Wszystkiemu, zdawać by się mogło, winien jest kryzys. Groźba zwolnienia, zaciągnięte kredyty, brak miejsc pracy stwarzają poczucie zagrożenia. Pracodawcy świadomi załamania rynku chętnie wykorzystują niesprzyjającą sytuację, wymuszając na pracownikach większe zaangażowanie w pracę.

Reklama

Pogoń za Karoshi

Stres, zmęczenie, wypalenie zawodowe są tematem tabu.
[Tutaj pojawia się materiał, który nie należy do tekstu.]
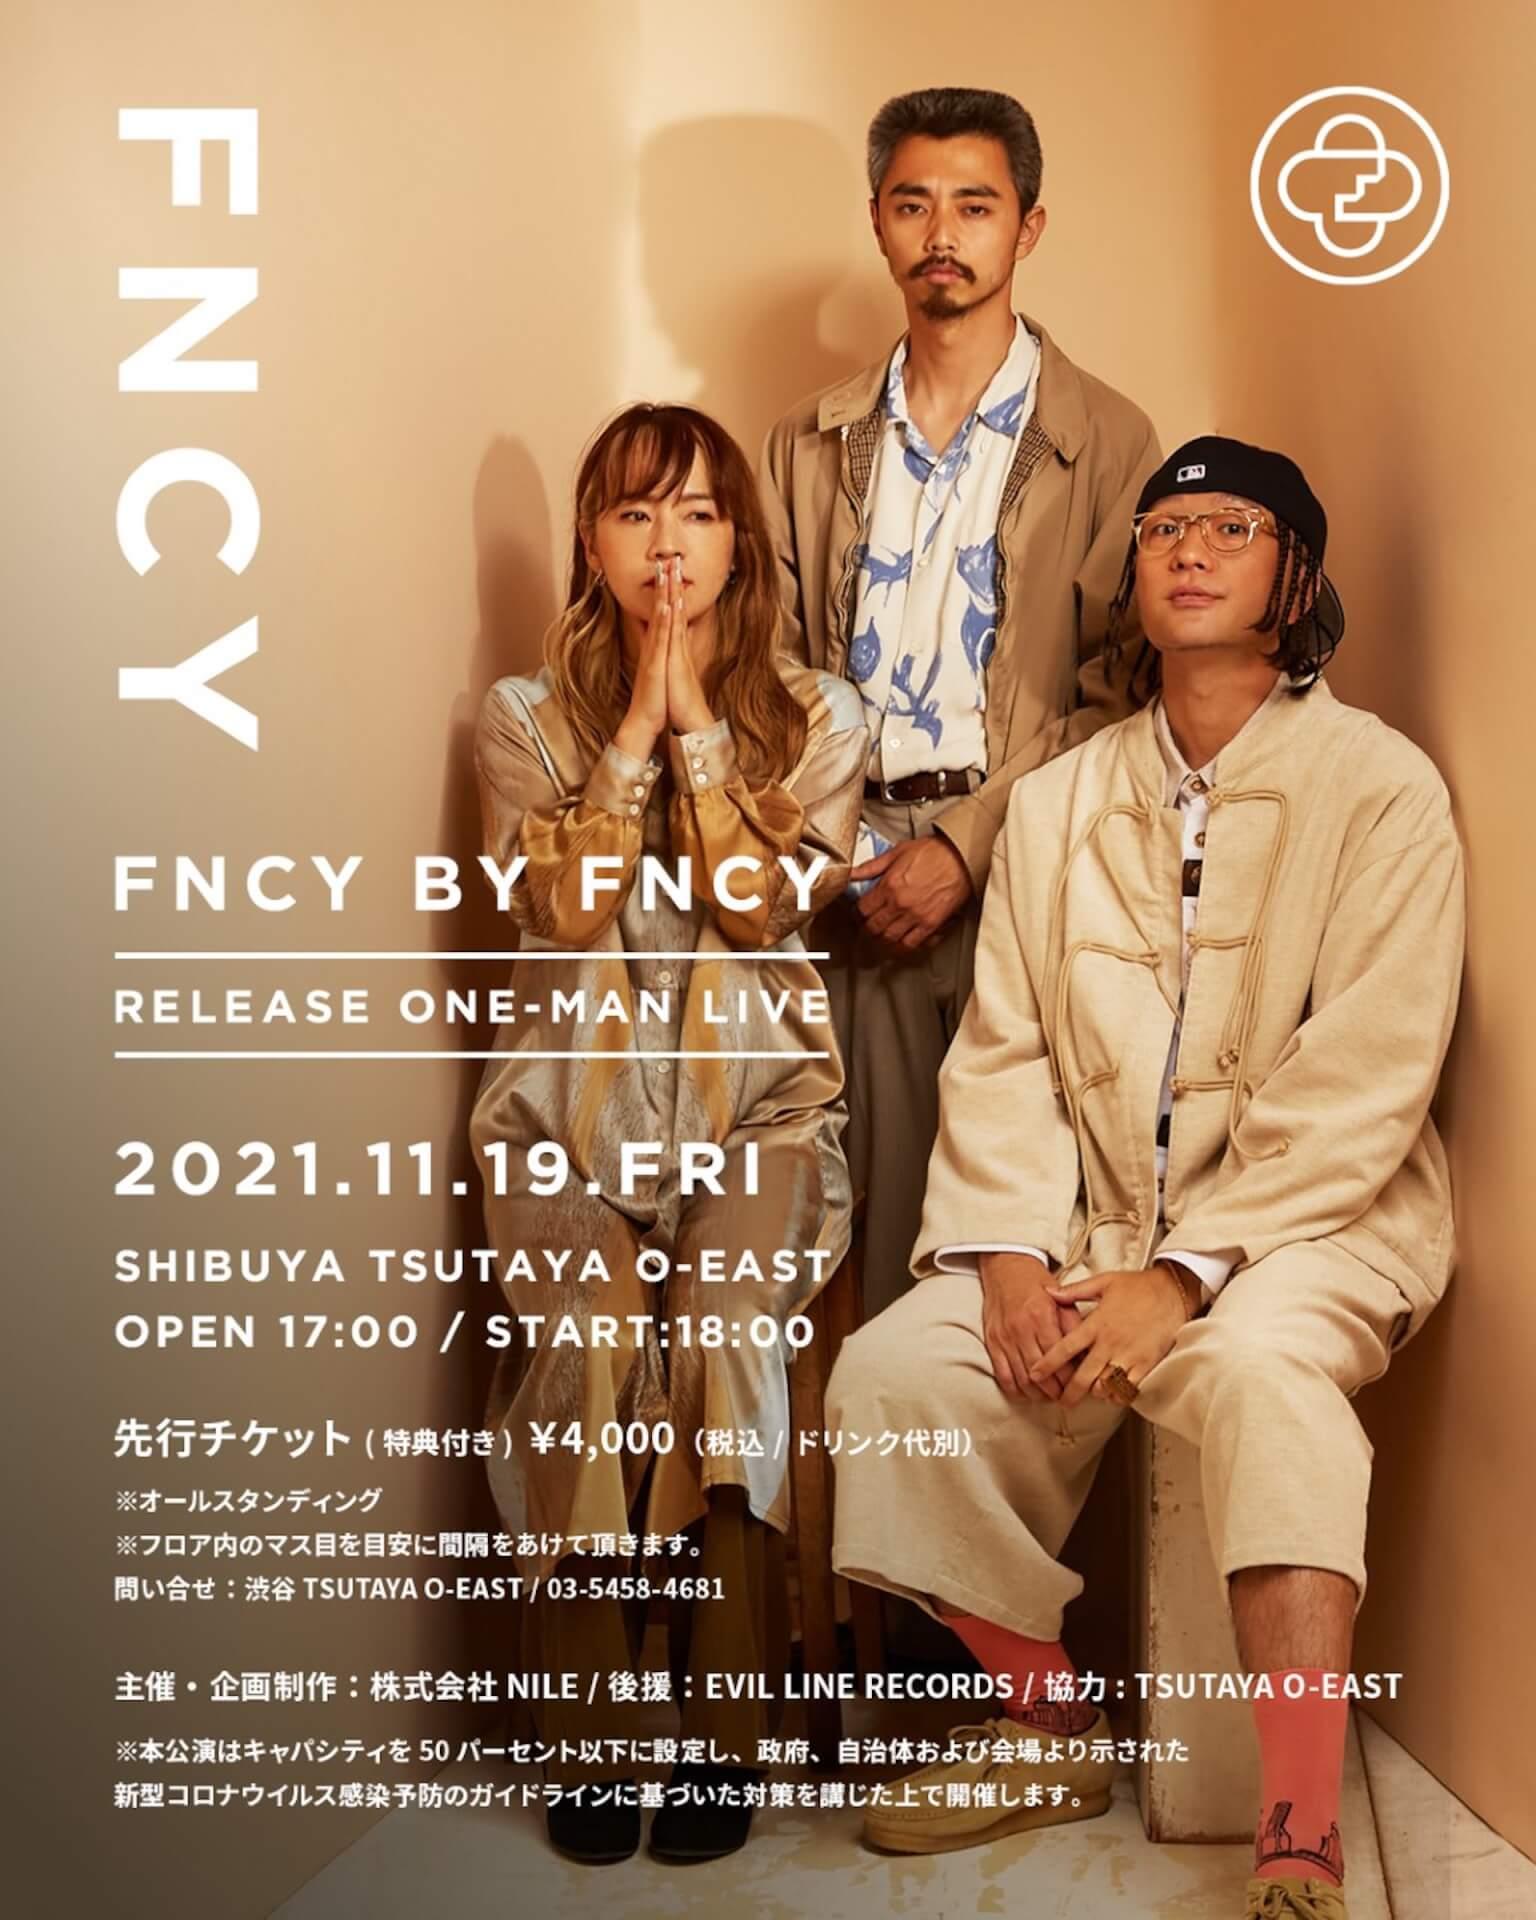 FNCYによる有観客の初ワンマンライブが開催決定!先行予約で特典プレゼントも music211008_fncy_live_main

Zazwyczaj ludzie niechętnie zwierzają się ze swoich obaw. W niektórych środowiskach panuje przekonanie, że przyznanie się do przemęczenia jest oznaką słabości oraz lenistwa.

Co więcej, uważa się, że uczucie wypalenia zawodowego świadczy o ciężkiej pracy oraz dążeniu do osiągnięcia sukcesu. Podobne wyobrażenie o sukcesie istnieje w kulturze dalekiego wschodu.

Karoshi, czyli śmierć z przepracowania oraz stresu, wśród Japończyków jest uznana za przejaw perfekcjonizmu, zaangażowania oraz całkowitego oddania się pracy, co jest w Japonii szanowane.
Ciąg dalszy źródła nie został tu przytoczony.